Homemade Danish Pastries Recipe
Ever since we were featured on Evening Magazine, this has been my most requested recipe. It simply whisked across the screen for 30 seconds and people were in love. I don’t blame them.
I figure I’ve frosted 58,923 of these in my lifetime so far. They were popular at Scandia Bakery when I worked there many years ago and I made it one of my life goals to try to recreate them. You know, because I missed frosting them every day. My goal has been achieved and I am regifting them to you this Christmas.
You’re welcome. I’m sorry. You’re welcome.
- 5 teaspoons yeast
- 1/2 cup warm water (110F or cooler)
- 1 cup + 1 tablespoon sugar (divided)
- 3/4 cup of instant mashed potatoes stirred together with 3/4 cup of warm water
- 1 1/2 cups warm milk (110F or cooler)
- 2 eggs
- 1/2 cup shortening
- 2 1/2 teaspoons salt
- About 7 cups all-purpose flour
Place 1 tablespoon of sugar, yeast and warm water into a large bowl. Give a little swirl and let sit for about 10 minutes to become foamy.
After foaminess has developed, whisk in remaining 1 cup of sugar, instant mashed potatoes (mixed with the 3/4 cup water), milk, eggs & shortening. Mix until well combined and shortening is about the size of peas. Finally, stir in salt.

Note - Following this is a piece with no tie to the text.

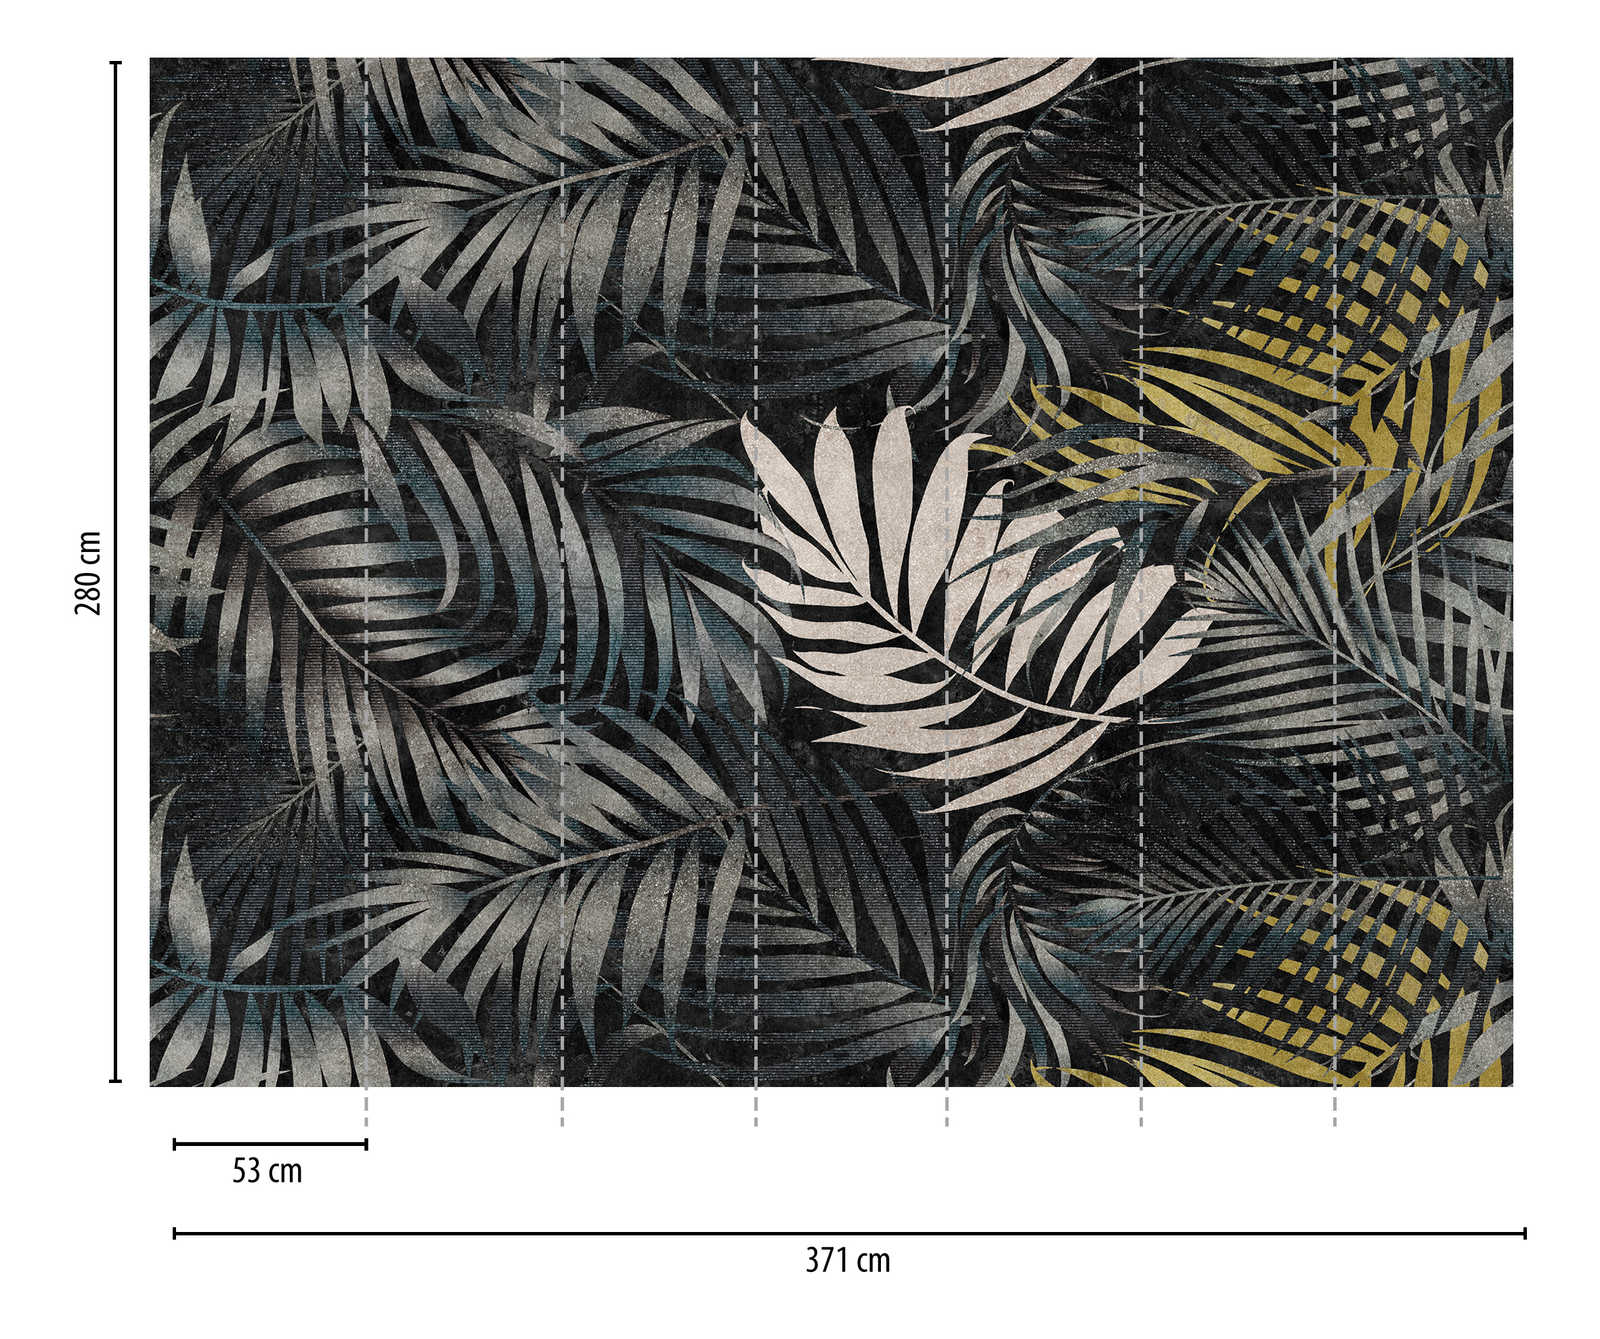             papel pintado novedad | papel pintado motivo hojas XXL en hawaiano look retro

Continue mixing with a wooden spoon and add a couple of cups of flour.
Slowly continue adding a cup or two of flour at a time. When you can no longer stir the dough easily with a spoon, begin kneading in the remaining flour. You can keep it in the bowl while doing this or on the counter – whichever you find easiest for you. Knead by hand for about 5 minutes or until dough is somewhat elastic.
Cover with a clean warm, damp towel and let the dough sit in a warm place for about an hour or until the dough has doubled in size. This can sometimes take longer in the winter because of the weather so be sure to place dough in a warm place.

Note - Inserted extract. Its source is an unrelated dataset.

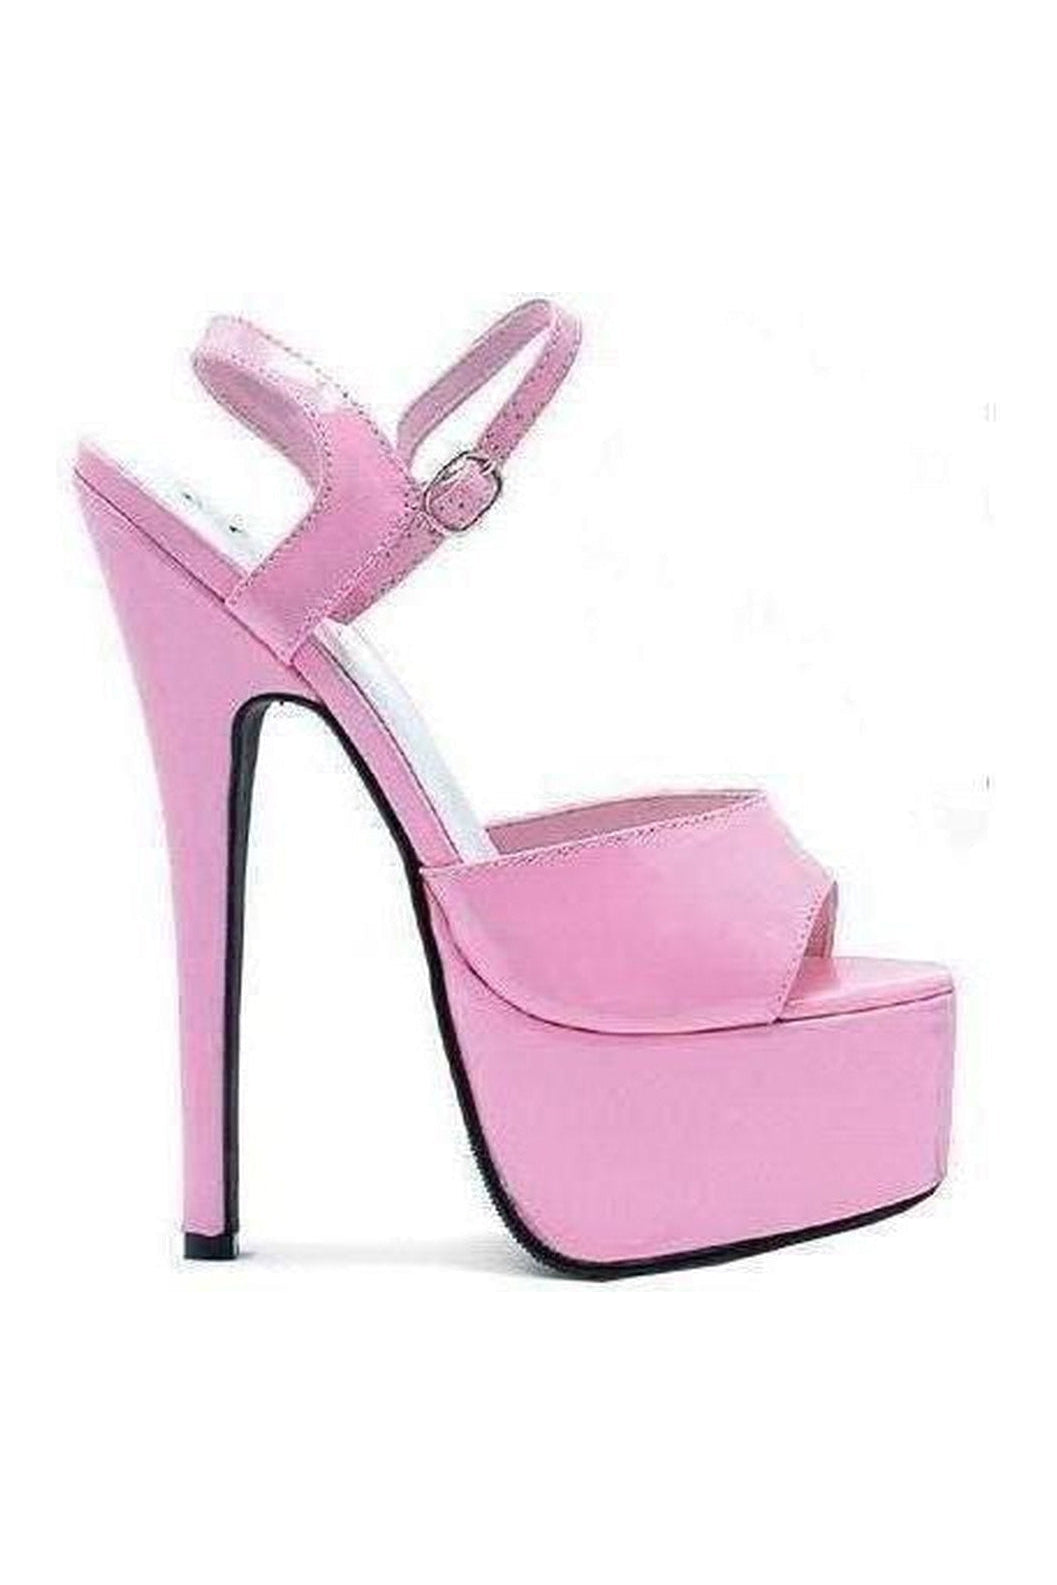 652-JULIET Platform Sandal | Pink Patent-Ellie Shoes-SEXYSHOES.COM

Turn happily risen dough onto flour covered countertop. Coat dough with a little bit of flour so it’s easier to work with and punch down. Form into circles or long ovals. Place on a baking sheet covered with parchment paper. Use fingers to press down and spread out dough into shape and size you would like them to be. Makes up to 24 regular-sized danishes depending on what size you make them. You can also make minis for parties, brunches & teas. They make a lovely spread when filled with different kinds of toppings. Minis are my favorite.
If baking on the same day, let sit on a tray in a warm place for an hour or doubled in size. If making the night before, cover with non-stick spray coated saran wrap and place in the fridge. After removing from fridge, allow to sit out for about 20 minutes before filling.
- Cherry & cream cheese (Pictured above. See cream cheese filling recipe below.)
- Boysenberry & cream cheese
- Strawberry & lemon
- Lemon & cream cheese
You can use homemade or store-bought pie fillings or jelly.
CREAM CHEESE FILLING RECIPE:
- 8 ounces cream cheese, softened
- Juice of 1/2 a fresh lemon
- 1 cup powdered sugar
TO FINISH DANISH:
After danishes are formed, add filling or fillings of choice to each one. Top with streusel.
- 1 stick of butter cut into small pieces
- 1 1/2 cup of flour
- 2/3 cup of powdered sugar
- dash of salt
- 1 egg
Bake in a preheated oven at 350F for 20-30 minutes or until light golden brown.
Remove danishes from oven when done baking and allow to sit for about 10 minutes. Drizzle frosting over danishes and add extra on edges of danish.
- 2 cups powdered sugar
- 2 tablespoons water
Stir together until smooth. Cover with plastic wrap until ready to use.